• ASSIGNMENT:
Nothing past the line containing "SANE Mug - Blue" belongs in the output. Copy exactly every line of the data below from the first up to and including it.

[Dataset items]
◇ ◇ ◇
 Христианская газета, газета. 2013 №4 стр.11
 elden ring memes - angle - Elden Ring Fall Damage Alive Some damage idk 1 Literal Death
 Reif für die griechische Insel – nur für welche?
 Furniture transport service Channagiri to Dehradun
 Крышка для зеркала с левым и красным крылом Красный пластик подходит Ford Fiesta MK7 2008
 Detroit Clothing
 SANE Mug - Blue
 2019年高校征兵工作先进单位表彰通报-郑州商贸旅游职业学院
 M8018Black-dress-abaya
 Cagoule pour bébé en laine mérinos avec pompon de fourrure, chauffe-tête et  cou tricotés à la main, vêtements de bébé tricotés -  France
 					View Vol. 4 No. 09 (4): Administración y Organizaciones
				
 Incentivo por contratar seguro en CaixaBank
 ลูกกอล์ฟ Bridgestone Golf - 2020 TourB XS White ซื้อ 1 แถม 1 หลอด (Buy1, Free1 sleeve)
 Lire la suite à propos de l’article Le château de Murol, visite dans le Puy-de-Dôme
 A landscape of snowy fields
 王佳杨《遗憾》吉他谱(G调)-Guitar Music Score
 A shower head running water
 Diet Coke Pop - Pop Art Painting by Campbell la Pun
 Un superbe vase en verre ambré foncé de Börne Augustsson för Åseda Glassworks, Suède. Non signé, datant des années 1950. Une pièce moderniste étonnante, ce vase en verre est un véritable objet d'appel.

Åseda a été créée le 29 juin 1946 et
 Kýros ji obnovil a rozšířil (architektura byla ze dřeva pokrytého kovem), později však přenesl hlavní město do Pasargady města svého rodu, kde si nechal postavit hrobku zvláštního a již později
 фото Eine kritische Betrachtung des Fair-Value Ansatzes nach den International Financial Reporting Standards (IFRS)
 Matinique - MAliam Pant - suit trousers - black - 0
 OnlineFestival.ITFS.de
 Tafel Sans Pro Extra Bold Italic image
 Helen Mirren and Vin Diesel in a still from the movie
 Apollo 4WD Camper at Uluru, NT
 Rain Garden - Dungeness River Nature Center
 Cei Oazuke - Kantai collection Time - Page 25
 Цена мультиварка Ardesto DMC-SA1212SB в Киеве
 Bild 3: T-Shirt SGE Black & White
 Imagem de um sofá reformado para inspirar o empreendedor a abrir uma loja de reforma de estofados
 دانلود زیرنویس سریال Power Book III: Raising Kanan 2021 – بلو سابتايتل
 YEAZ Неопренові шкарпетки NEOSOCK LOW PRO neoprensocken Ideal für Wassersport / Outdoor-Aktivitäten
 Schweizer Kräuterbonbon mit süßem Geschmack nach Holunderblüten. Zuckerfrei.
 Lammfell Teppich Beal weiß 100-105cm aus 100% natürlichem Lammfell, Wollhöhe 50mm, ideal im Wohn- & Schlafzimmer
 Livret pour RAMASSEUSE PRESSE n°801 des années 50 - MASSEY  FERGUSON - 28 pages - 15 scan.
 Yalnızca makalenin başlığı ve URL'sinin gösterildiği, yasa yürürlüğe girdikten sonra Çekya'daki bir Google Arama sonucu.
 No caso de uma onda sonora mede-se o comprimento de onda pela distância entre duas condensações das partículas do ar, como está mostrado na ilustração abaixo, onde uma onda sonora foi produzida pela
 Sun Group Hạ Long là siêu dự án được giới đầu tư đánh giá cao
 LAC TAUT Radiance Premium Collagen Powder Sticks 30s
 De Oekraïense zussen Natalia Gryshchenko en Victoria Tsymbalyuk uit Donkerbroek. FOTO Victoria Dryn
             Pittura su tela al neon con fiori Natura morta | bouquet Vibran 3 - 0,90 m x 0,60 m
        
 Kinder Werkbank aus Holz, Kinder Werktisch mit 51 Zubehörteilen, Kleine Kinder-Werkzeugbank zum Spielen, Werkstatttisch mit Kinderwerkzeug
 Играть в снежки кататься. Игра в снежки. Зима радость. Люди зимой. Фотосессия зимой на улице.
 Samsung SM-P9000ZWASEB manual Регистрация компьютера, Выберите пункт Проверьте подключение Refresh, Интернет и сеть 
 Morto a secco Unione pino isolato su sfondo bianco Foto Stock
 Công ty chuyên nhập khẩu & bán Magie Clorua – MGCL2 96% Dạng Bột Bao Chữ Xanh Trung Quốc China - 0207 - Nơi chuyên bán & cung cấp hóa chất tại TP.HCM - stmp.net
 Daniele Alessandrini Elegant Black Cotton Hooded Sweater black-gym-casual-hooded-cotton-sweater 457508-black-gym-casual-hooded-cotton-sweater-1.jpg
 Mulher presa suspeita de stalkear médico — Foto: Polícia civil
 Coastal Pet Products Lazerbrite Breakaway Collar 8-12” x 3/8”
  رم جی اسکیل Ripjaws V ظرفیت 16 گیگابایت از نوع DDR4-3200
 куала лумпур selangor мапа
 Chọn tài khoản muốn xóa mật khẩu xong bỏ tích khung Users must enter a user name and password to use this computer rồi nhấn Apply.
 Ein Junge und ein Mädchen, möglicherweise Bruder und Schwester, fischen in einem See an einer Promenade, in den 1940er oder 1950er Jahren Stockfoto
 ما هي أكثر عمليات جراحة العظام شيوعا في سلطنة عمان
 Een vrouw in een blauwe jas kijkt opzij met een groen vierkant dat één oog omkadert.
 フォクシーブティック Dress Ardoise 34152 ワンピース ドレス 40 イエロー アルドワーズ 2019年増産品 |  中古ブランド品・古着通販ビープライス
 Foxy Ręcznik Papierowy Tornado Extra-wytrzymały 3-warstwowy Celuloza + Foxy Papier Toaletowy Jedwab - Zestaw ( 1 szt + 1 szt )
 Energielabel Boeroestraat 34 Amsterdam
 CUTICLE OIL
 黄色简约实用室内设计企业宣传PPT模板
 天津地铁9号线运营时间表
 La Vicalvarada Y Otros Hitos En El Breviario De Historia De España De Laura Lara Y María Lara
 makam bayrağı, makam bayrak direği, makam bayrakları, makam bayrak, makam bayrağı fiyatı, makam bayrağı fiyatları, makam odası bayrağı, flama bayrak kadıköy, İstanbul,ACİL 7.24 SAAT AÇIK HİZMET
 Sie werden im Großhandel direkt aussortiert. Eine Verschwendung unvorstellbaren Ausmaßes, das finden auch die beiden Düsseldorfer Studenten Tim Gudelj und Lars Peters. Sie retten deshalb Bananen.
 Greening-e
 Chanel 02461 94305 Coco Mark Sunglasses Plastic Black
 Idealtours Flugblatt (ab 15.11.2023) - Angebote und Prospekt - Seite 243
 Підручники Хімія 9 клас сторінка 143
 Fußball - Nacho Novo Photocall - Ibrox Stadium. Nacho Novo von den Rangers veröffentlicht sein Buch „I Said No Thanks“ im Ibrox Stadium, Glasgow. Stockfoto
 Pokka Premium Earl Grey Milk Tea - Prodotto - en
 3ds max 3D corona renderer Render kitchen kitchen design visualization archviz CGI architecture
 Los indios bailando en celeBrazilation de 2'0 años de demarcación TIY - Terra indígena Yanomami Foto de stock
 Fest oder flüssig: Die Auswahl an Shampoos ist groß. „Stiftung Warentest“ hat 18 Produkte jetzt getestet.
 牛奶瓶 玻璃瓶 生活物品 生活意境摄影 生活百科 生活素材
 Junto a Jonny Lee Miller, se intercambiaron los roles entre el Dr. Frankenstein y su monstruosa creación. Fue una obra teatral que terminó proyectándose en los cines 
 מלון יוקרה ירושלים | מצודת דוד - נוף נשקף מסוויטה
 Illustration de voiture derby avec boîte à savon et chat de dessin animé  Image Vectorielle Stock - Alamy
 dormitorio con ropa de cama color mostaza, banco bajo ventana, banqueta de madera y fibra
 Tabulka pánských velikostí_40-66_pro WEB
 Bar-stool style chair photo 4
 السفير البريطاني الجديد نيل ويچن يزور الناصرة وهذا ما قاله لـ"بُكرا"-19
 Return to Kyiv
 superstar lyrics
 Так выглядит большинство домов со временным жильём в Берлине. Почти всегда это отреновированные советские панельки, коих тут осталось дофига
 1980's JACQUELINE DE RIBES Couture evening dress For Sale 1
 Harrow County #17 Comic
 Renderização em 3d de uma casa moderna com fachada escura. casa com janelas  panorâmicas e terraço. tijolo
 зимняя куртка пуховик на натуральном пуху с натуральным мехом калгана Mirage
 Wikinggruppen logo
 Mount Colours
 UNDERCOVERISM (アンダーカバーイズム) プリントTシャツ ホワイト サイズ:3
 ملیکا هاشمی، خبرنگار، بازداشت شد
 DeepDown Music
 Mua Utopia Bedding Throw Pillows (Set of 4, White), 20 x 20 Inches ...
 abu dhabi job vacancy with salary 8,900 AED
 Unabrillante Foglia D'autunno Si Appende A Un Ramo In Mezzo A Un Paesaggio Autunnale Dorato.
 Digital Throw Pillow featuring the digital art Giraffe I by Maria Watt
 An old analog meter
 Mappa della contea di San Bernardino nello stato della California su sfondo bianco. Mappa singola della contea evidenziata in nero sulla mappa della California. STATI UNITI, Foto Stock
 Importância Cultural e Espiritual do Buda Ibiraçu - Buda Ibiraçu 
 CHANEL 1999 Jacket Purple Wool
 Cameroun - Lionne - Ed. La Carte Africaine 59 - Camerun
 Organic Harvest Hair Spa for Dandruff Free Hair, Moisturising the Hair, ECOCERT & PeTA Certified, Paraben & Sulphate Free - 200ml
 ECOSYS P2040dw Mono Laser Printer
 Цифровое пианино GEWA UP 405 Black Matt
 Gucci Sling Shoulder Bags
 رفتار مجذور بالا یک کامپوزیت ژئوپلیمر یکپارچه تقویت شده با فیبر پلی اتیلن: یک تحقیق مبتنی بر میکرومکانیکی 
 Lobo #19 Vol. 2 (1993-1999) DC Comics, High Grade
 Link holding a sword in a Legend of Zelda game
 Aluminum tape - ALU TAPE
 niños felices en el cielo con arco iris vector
◇ ◇ ◇
• ANSWER SPACE:
 Христианская газета, газета. 2013 №4 стр.11
 elden ring memes - angle - Elden Ring Fall Damage Alive Some damage idk 1 Literal Death
 Reif für die griechische Insel – nur für welche?
 Furniture transport service Channagiri to Dehradun
 Крышка для зеркала с левым и красным крылом Красный пластик подходит Ford Fiesta MK7 2008
 Detroit Clothing
 SANE Mug - Blue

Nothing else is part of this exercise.